Task objective:
Below is a listing; reproduce exactly its lines from the one containing "Pittura su tela" to its last line, both ends kept, and no other lines.

Entries shown:

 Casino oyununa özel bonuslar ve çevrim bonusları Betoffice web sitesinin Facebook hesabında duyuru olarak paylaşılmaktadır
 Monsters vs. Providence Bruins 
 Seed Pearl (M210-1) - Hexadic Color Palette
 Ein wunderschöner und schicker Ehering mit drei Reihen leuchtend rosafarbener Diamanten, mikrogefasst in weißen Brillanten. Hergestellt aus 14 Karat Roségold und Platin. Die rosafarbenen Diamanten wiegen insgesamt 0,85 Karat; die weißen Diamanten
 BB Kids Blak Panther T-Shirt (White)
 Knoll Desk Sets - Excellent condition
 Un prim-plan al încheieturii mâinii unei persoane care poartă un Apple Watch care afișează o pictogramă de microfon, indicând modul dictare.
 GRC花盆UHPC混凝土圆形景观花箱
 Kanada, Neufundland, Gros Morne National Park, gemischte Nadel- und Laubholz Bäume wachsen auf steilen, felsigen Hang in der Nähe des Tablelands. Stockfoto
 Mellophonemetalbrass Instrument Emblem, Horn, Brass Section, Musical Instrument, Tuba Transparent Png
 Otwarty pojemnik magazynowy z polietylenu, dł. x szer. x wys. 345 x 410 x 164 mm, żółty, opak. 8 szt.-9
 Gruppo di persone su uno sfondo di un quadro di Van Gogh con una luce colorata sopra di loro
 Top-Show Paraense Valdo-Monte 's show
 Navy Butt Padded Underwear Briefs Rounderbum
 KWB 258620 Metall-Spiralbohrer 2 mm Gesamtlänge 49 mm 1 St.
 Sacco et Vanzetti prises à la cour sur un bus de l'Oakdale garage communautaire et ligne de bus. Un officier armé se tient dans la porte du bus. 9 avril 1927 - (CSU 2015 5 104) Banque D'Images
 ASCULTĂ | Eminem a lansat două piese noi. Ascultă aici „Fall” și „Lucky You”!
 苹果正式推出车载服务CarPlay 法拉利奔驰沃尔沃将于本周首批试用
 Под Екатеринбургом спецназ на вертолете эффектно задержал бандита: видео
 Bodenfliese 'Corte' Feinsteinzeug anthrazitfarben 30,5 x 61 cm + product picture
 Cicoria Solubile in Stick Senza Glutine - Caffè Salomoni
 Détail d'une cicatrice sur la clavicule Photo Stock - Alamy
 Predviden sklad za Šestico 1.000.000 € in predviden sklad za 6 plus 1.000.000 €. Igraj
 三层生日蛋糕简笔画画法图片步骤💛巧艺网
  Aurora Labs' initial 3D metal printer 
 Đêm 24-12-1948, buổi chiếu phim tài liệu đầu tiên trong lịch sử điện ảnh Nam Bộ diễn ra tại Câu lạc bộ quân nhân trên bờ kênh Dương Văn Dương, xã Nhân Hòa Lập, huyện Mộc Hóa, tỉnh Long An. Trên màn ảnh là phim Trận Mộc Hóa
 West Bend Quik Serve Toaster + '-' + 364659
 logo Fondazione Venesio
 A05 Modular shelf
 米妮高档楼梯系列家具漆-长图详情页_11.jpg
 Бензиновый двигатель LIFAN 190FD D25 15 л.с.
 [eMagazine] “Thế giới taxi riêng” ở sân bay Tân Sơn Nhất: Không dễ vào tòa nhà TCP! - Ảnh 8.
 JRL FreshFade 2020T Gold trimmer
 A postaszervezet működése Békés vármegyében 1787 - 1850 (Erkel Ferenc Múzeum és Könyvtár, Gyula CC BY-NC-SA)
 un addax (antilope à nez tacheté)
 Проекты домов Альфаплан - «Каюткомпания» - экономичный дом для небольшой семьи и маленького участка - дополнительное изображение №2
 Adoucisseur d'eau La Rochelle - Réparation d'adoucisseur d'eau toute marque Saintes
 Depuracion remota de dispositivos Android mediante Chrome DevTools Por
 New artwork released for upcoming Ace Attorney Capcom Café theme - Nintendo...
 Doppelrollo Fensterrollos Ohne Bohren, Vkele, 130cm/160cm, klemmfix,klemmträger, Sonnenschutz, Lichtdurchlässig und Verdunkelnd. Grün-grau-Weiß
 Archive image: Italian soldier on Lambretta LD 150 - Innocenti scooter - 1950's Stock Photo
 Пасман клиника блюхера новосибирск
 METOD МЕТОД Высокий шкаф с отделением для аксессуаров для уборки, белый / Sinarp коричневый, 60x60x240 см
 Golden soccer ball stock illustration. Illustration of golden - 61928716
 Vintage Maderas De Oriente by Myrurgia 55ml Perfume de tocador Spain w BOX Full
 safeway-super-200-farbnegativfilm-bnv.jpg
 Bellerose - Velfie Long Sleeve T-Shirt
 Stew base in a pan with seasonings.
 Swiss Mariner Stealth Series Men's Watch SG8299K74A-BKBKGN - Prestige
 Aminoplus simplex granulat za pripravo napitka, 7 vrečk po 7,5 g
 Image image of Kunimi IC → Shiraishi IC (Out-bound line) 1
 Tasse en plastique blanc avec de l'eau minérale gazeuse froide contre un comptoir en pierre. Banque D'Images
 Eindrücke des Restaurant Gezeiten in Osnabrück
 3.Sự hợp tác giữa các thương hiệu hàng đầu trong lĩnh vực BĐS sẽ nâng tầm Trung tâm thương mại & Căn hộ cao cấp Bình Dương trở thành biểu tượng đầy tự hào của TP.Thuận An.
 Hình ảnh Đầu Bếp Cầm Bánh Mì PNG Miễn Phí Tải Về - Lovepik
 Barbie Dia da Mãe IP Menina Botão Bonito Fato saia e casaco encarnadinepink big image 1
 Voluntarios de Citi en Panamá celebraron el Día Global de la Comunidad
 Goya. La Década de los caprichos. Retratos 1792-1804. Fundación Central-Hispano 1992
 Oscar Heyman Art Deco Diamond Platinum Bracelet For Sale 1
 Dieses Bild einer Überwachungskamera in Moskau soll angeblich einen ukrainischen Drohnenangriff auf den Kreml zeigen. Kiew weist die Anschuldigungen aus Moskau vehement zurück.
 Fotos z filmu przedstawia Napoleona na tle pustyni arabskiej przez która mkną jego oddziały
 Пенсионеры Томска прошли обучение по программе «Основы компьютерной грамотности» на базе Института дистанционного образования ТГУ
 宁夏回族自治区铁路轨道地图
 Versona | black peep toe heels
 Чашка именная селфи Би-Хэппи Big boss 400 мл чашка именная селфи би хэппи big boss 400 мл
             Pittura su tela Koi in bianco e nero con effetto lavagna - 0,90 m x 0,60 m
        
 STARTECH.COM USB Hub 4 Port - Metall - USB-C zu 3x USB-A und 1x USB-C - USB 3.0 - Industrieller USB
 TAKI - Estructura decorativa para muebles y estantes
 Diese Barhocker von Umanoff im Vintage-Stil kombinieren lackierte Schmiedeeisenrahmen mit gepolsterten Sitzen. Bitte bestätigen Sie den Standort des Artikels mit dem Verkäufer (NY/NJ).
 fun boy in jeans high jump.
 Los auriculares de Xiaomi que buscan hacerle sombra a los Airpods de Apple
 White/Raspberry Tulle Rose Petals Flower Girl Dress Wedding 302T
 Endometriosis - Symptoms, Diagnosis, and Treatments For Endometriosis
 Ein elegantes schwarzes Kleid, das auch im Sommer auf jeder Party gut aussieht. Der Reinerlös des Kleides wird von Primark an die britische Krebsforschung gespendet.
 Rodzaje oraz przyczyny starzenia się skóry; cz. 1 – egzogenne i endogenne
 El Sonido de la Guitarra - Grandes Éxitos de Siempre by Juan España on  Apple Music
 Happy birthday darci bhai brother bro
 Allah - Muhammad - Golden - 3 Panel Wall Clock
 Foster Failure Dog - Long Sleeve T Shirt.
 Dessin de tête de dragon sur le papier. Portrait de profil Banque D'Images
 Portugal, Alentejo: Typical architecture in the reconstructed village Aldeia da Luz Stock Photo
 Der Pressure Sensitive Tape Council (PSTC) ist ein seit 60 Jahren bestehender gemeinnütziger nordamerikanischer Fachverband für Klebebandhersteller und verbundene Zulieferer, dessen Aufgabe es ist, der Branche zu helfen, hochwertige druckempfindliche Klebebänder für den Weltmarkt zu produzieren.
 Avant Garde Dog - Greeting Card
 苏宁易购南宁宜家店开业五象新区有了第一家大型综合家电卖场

Task output:
             Pittura su tela Koi in bianco e nero con effetto lavagna - 0,90 m x 0,60 m
        
 STARTECH.COM USB Hub 4 Port - Metall - USB-C zu 3x USB-A und 1x USB-C - USB 3.0 - Industrieller USB
 TAKI - Estructura decorativa para muebles y estantes
 Diese Barhocker von Umanoff im Vintage-Stil kombinieren lackierte Schmiedeeisenrahmen mit gepolsterten Sitzen. Bitte bestätigen Sie den Standort des Artikels mit dem Verkäufer (NY/NJ).
 fun boy in jeans high jump.
 Los auriculares de Xiaomi que buscan hacerle sombra a los Airpods de Apple
 White/Raspberry Tulle Rose Petals Flower Girl Dress Wedding 302T
 Endometriosis - Symptoms, Diagnosis, and Treatments For Endometriosis
 Ein elegantes schwarzes Kleid, das auch im Sommer auf jeder Party gut aussieht. Der Reinerlös des Kleides wird von Primark an die britische Krebsforschung gespendet.
 Rodzaje oraz przyczyny starzenia się skóry; cz. 1 – egzogenne i endogenne
 El Sonido de la Guitarra - Grandes Éxitos de Siempre by Juan España on  Apple Music
 Happy birthday darci bhai brother bro
 Allah - Muhammad - Golden - 3 Panel Wall Clock
 Foster Failure Dog - Long Sleeve T Shirt.
 Dessin de tête de dragon sur le papier. Portrait de profil Banque D'Images
 Portugal, Alentejo: Typical architecture in the reconstructed village Aldeia da Luz Stock Photo
 Der Pressure Sensitive Tape Council (PSTC) ist ein seit 60 Jahren bestehender gemeinnütziger nordamerikanischer Fachverband für Klebebandhersteller und verbundene Zulieferer, dessen Aufgabe es ist, der Branche zu helfen, hochwertige druckempfindliche Klebebänder für den Weltmarkt zu produzieren.
 Avant Garde Dog - Greeting Card
 苏宁易购南宁宜家店开业五象新区有了第一家大型综合家电卖场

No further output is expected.